Mech it so: Paradox are publishing BattleTech

At the Paradox Convention 2017, the strategy game developer/publisher announced that they would be working with Harebrained Schemes as publisher of Battletech, the turn-based squad level tactical mech game that was an instant Kickstarter success in 2015. We’ve already spoken to the developers in-depth but this weekend will be our first chance to play, and I’ll be speaking to BattleTech creator Jordan Weisman about the collaboration with Paradox and the game itself.

This is the first Paradox Convention open to the public, a combined fanfest and press event. The public segment begins tomorrow and there will be talks by Paradox developers and third-parties, including Mojang, Frontier and Skylines developers Colossal Order. Along with the announcements, there’ll be hands-on with games, including the new Skylines expansion Mass Transit, and I’ll be playing everything available as well as talking to Paradox about the future of their grand strategy games in this, the fifth year of Crusader Kings 2.

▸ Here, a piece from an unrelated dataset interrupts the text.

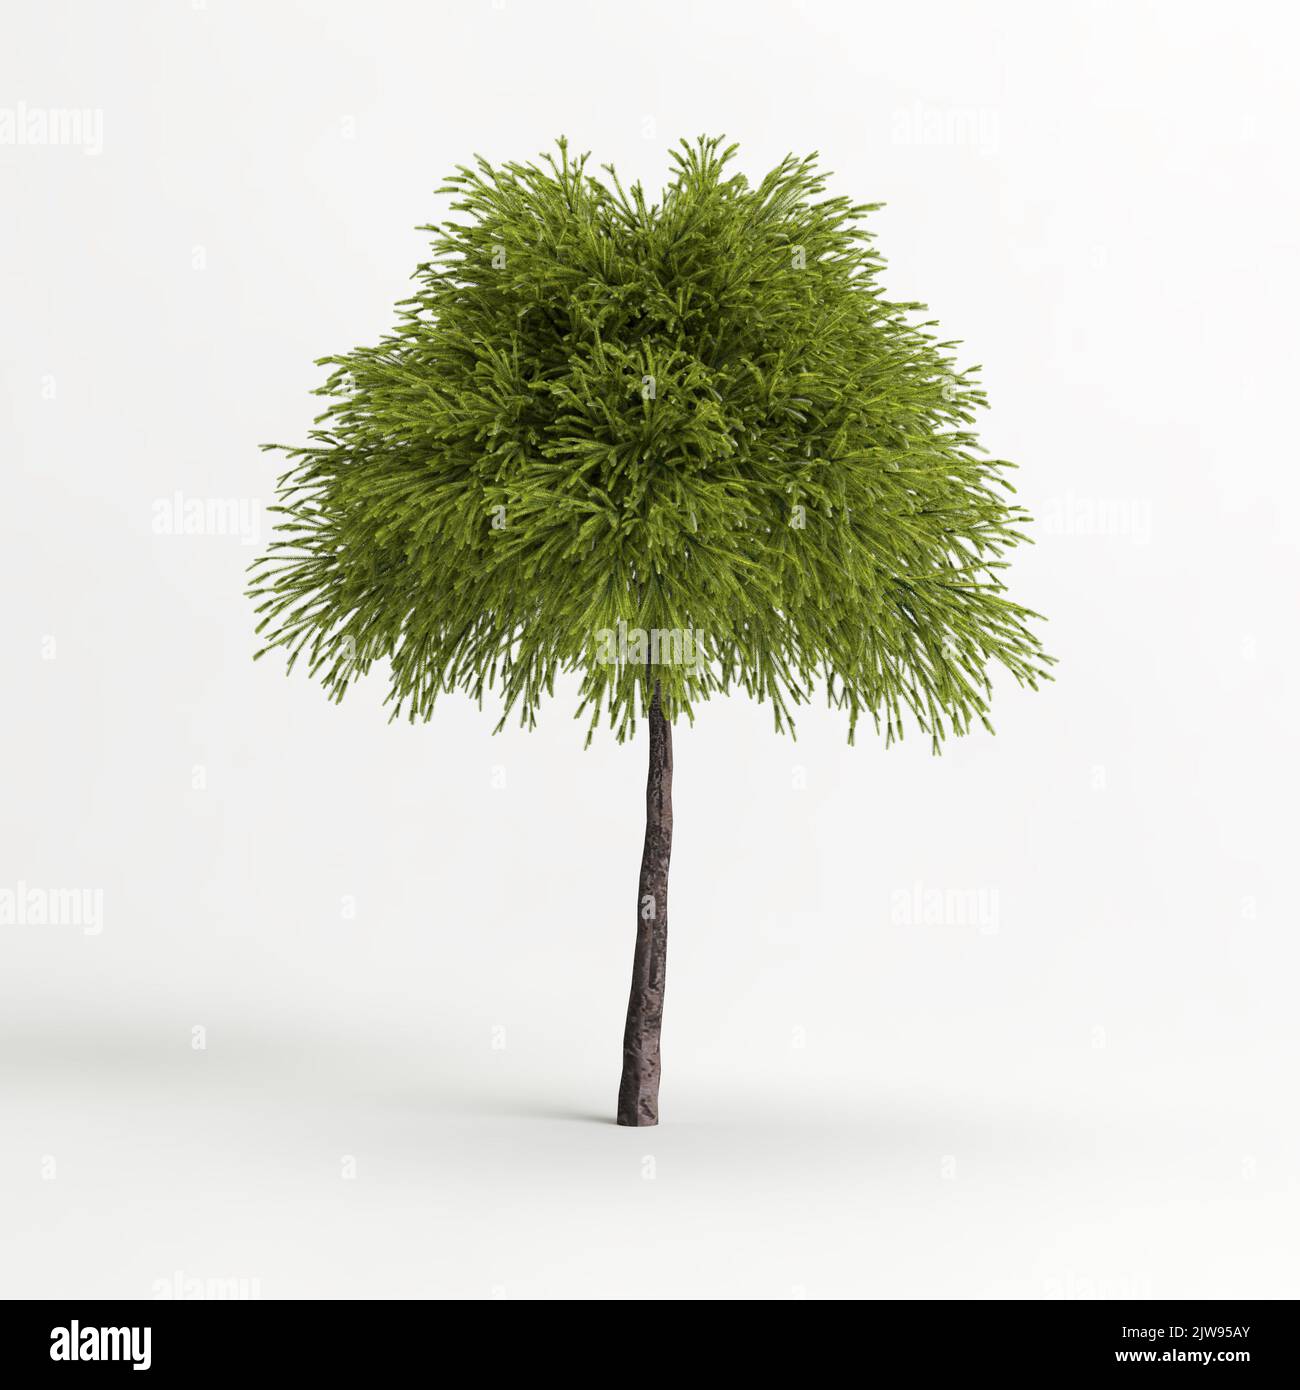 3d illustration of cryptomeria japonica globosa nana tree isolated on white background Stock Photo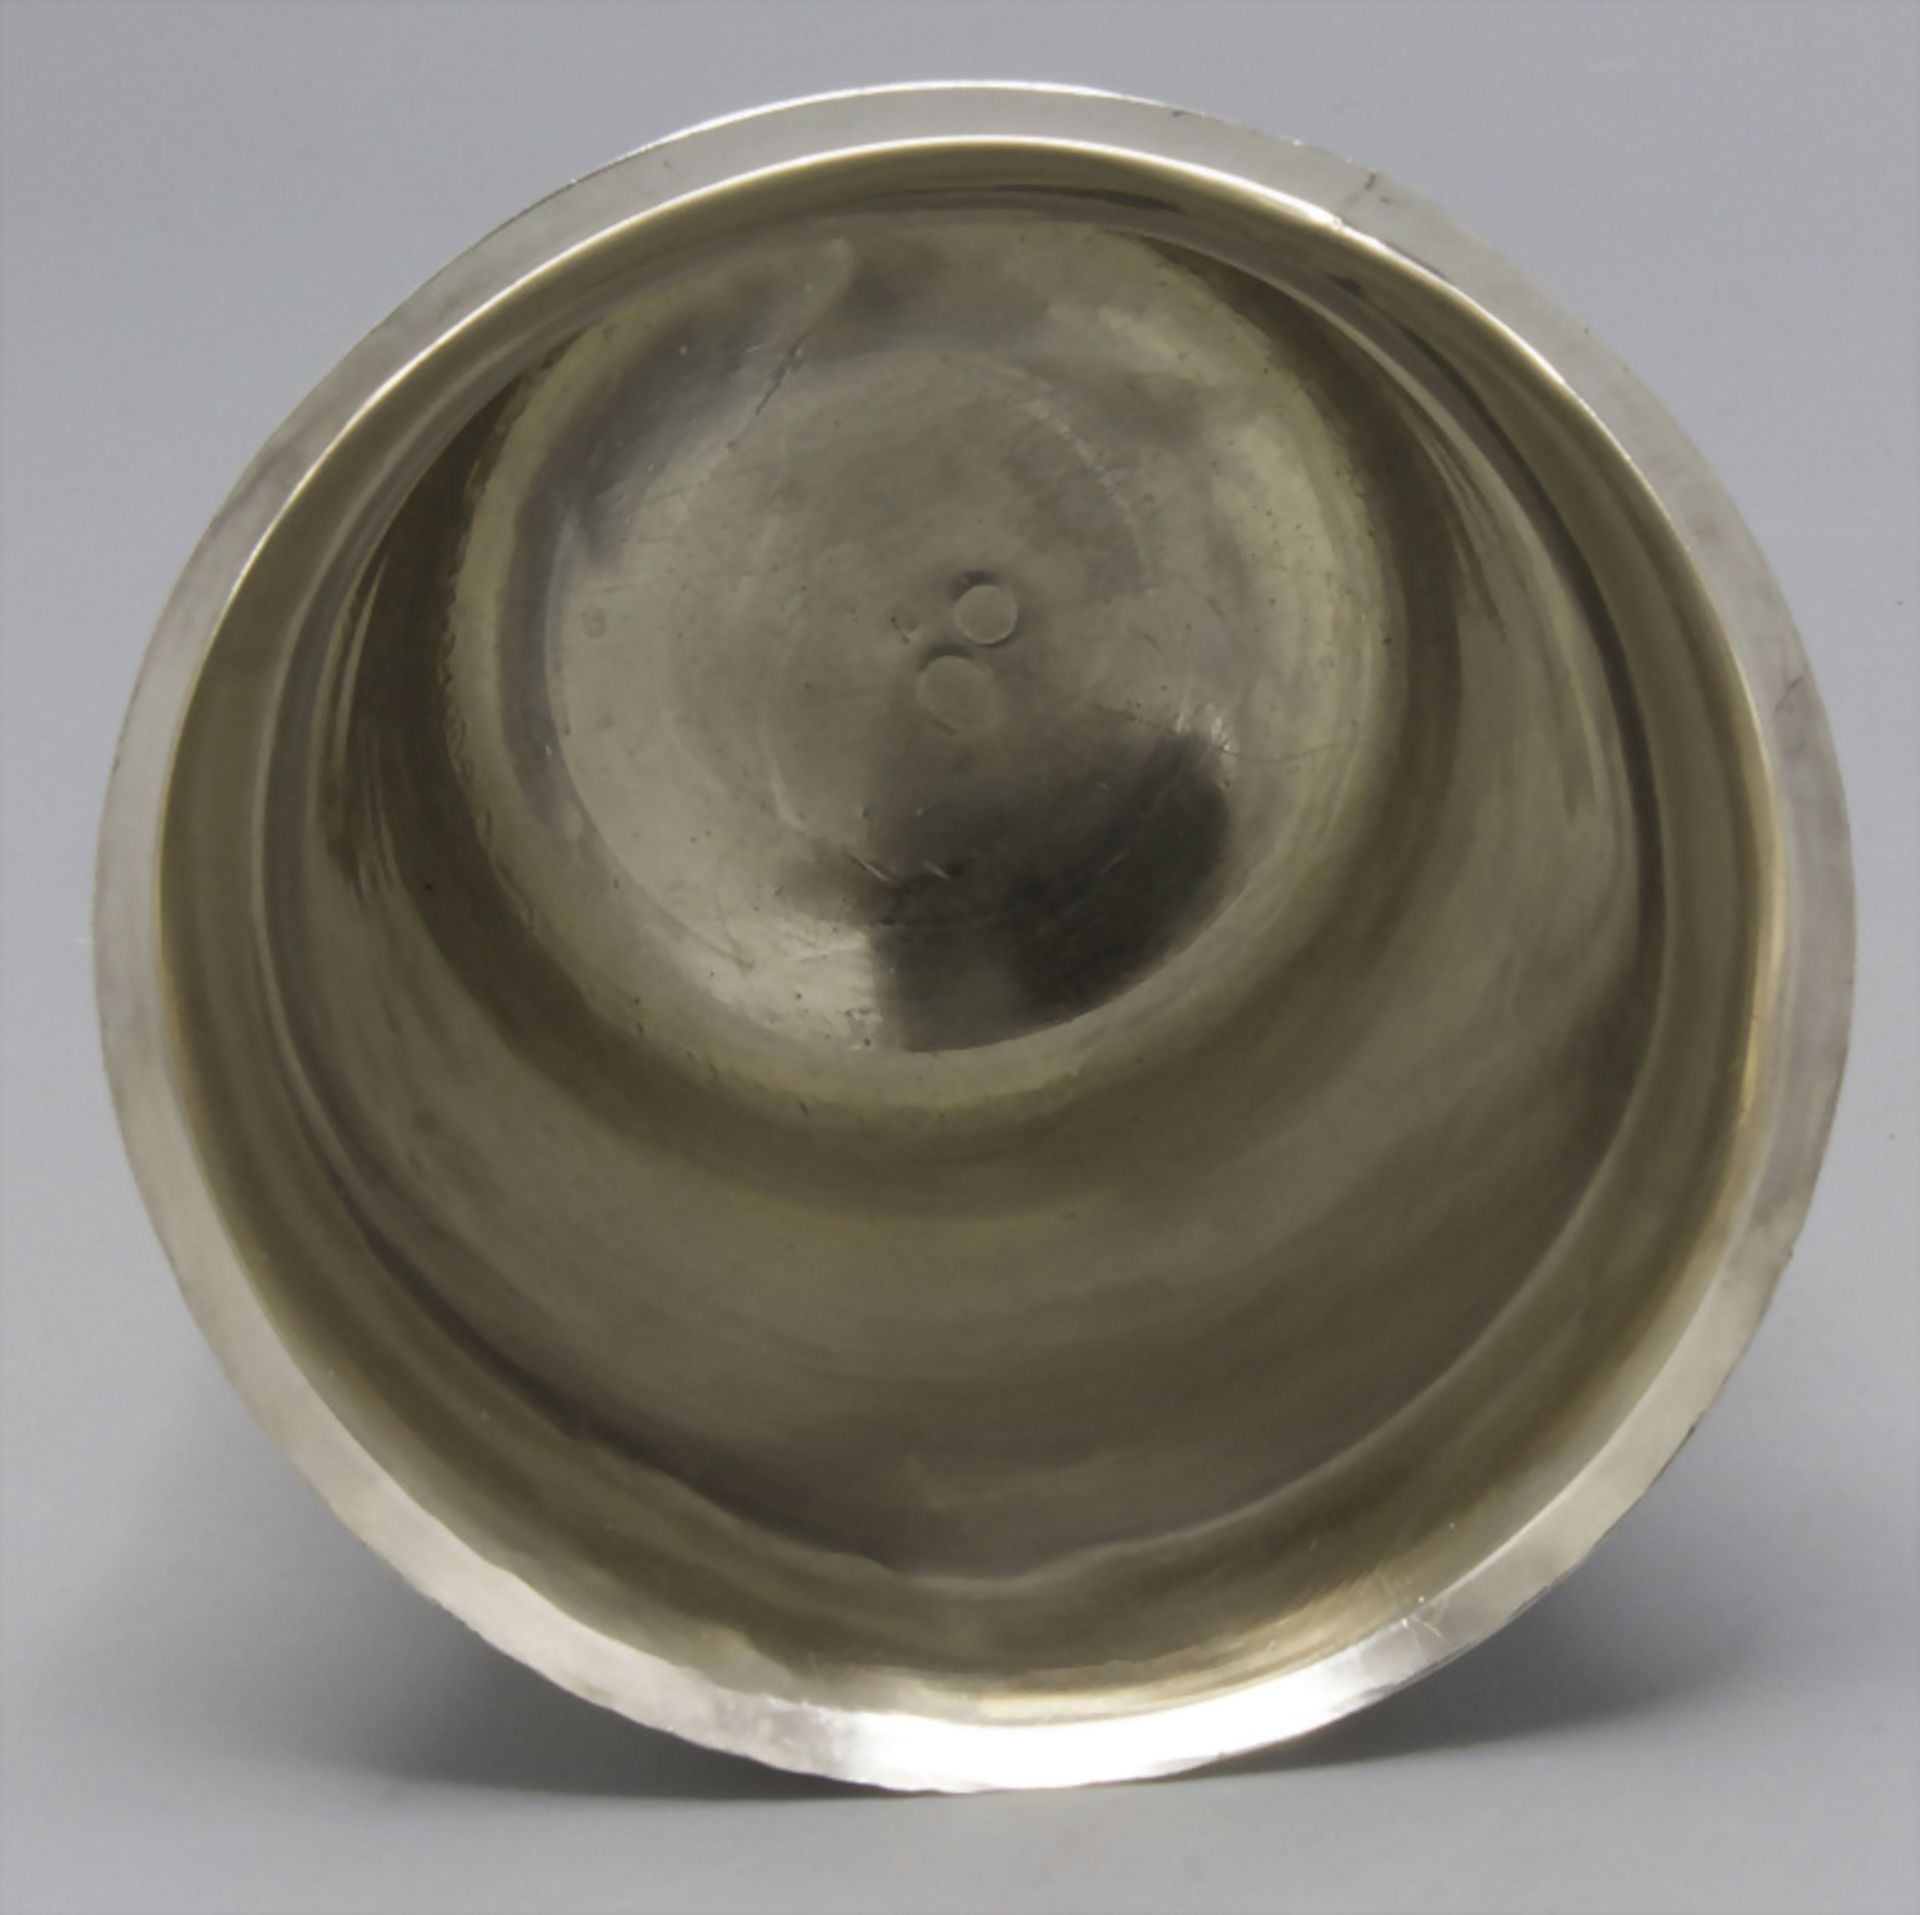 Glockenbecher / A bell shaped silver beaker, Avignon, 1803-1809 - Image 3 of 8

Paradox opened the event by going through the highlights of 2017, all of which have been expansions: Stellaris: Utopia, Crusader Kings 2: Monks and Mystics, and Europa Universalis IV: Mandate of Heaven. The long life of these internally developed games is a core part of Paradox’s business model, but the company is also expanding as a publisher. That includes not only third-party originals like Battletech, but ports of existing titles such as Prison Architect on tablet.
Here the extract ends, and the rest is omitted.